Tuesday, September 02, 2008

Cambodian-Americans ordeal from Gustav hurricane

Hurricane Gustav prompts Louisiana couple to take flight -- again

Shrimpers Neang Pum and Sobong In fled Cambodia and survived Hurricane Katrina. Now they're forced to leave the boat they call home, with little gas and no place to go.

September 2, 2008
By Erika Hayasaki
Los Angeles Times Staff Writer


JENNINGS, LA. -- They left the shrimp boat in which they work and live on the Louisiana shore, driving north at noon, daring the hurricane in their red Ford Expedition.

They were running on a tank of gas, and there were no stations open for miles.

Neang Pum, 66, and her boyfriend, Sobong In, 69, came to the United States as Cambodian refugees more than two decades ago. On Monday, they fled Hurricane Gustav -- which sent palm fronds flying, trees toppling and waves of water across the highway before them.

Pum and In had moved into a Federal Emergency Management Agency trailer after Hurricane Katrina three years ago, but the government recently took that home away. So the couple were living in the shrimp boat in Empire, La.

Pum said they hadn't had enough money to evacuate ahead of Gustav, so they decided to ride it out. But as the hurricane crashed along the coast Monday, rocking their boat with terrifying power, the couple decided to head to Lafayette, La., 200 miles away, where they had a friend with food and water to share.

"The hurricane was getting angry," Pum said. "My friend said, 'You must go; you will die.' "

The couple loaded the SUV with a pink flowered pillow, a striped burgundy blanket, a carton of ramen noodles, $40 in cash and their black-and- orange dog, Lucky Boy.

But by 4 p.m., the winds and rain on Interstate 10 had become so severe that they pulled up across the street from the Jennings Travel Center -- home to a casino, restaurant and truckers rest stop -- and hoped police would stop to help them.

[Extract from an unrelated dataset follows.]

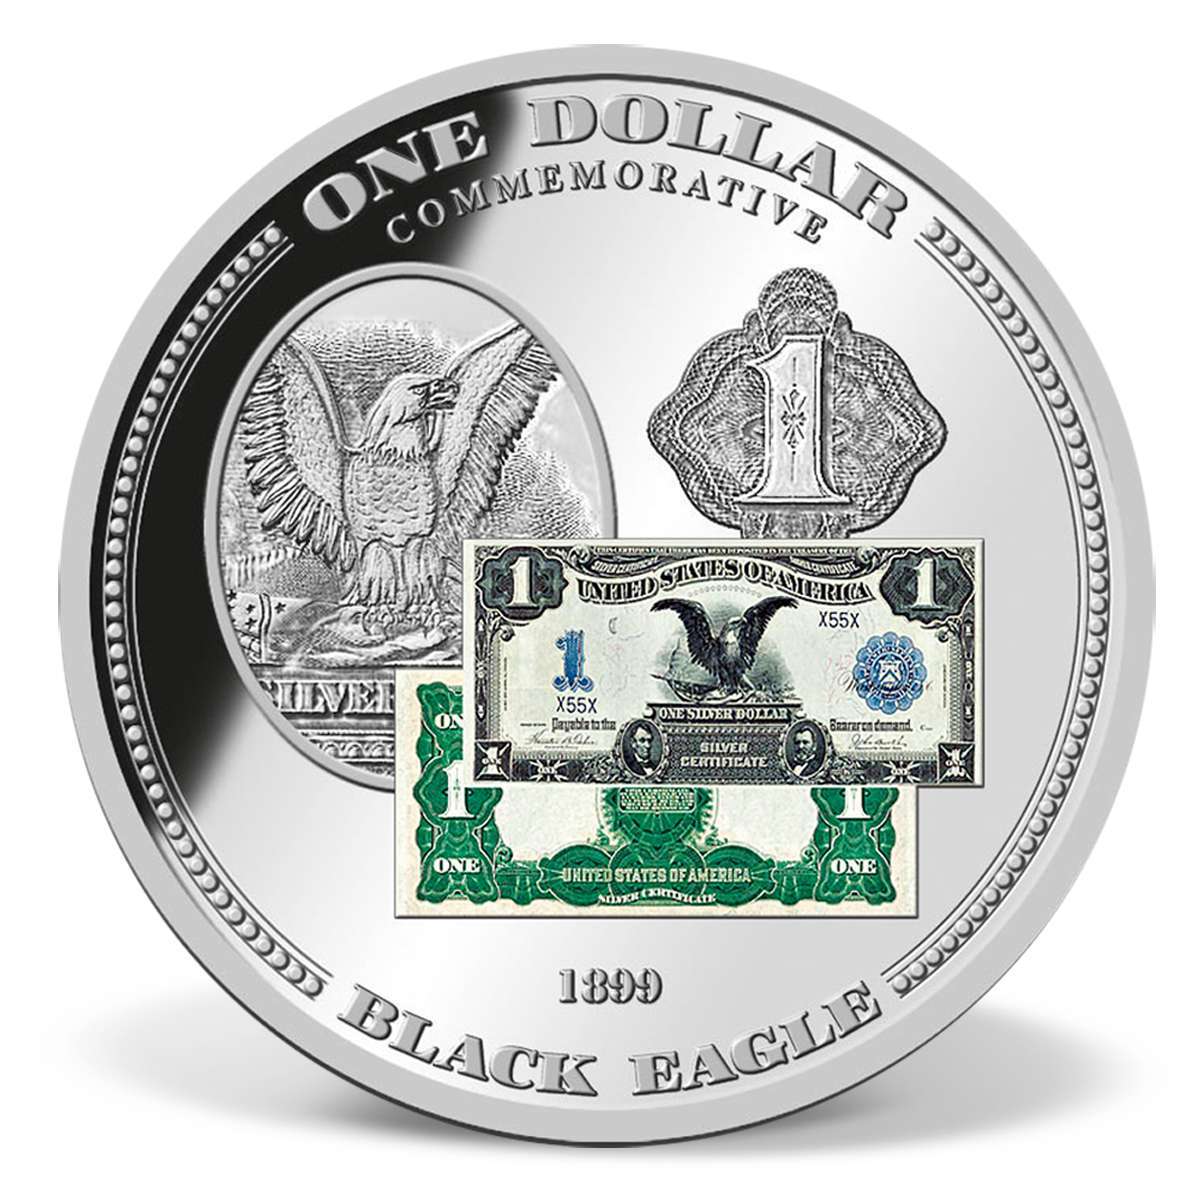 1899 Black Eagle $1 Silver Certificate Commemorative Coin Silver

Their gas was running dangerously low.

At the travel center, which was boarded up with strips of plywood, its gas pumps wrapped in plastic tarps, a man and woman with guns waved people away. Selina Landry, 43, a security guard in a Tinkerbell T-shirt with a pistol under her arm, had been charged with keeping looters away from the store. She brought her 20-year-old son, his wife and their 6-month-old daughter along. They had spent the night in the warehouse-shaped building, along with three other security guards and their families.

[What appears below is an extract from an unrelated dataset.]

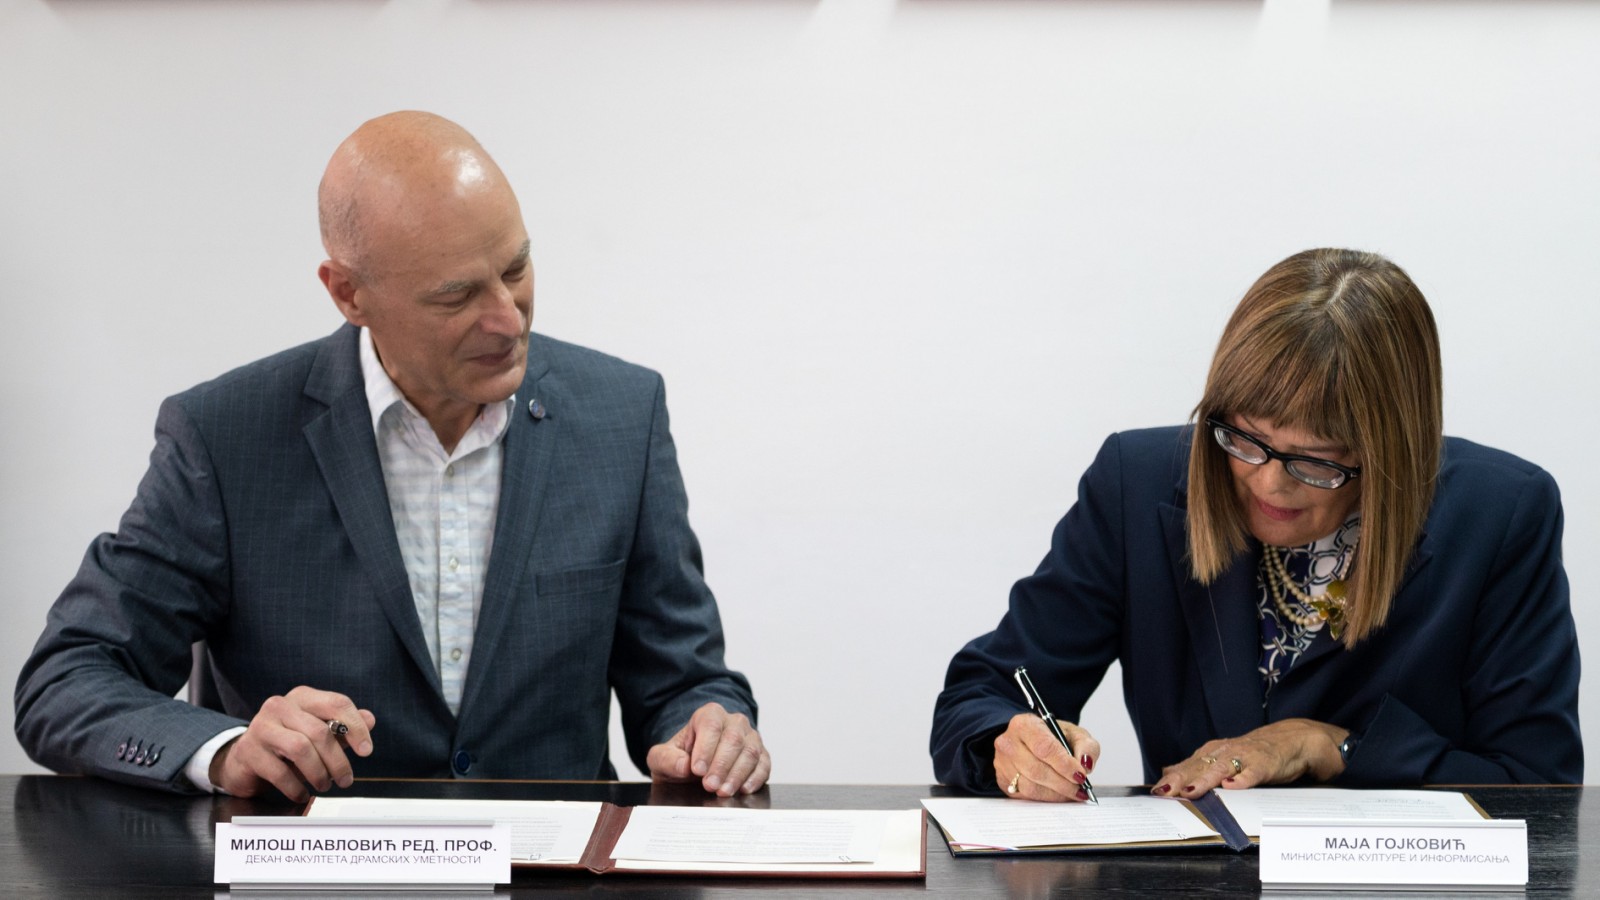 Гојковић и Павловић потписали Протокол о сарадњи између Министарства и ФДУ

As rain swirled and wind whipped outside the building, children slept on black sofas and watched "Hannah Montana" while the adults monitored weather reports.

Walking toward the sandbags that lined the front of the store -- near the zebra-print purses, popcorn balls, straw cowboy hats and bottles of hot sauce -- Landry said: "We're not scared one bit; we're cautious."

The guards and their families planned to hide in a cooler if the storm got worse, she added. "We're respectful of the storm."

Across the street, Pum and In could not find anyone to help them.

The couple were at least an hour from Lafayette -- where one person has been reported killed by a falling tree -- and the winds were pushing 80 mph. Through the foggy windows of their SUV, Pum and In watched the covering on a four-story yellow building flap in the wind.

"Maybe I should stay here and wait until it opens for gas," said In, looking at the shuttered station across the street as fierce gusts rocked the Expedition from side to side. He braced the steering wheel with his tanned, weathered hands, with dirt underneath his fingernails from shrimping.

"No," Pum told him. "It's not open today."

Barefoot and wearing a green jade bracelet, Pum looked away, shaking her head. Lucky Boy jumped into the back seat, whimpering near an American flag, a cooler and a beach towel.

"I don't have gasoline," she said, "I don't know what to do. I'm so scared."

After an hour, with the wind still screaming, the couple decided to keep driving.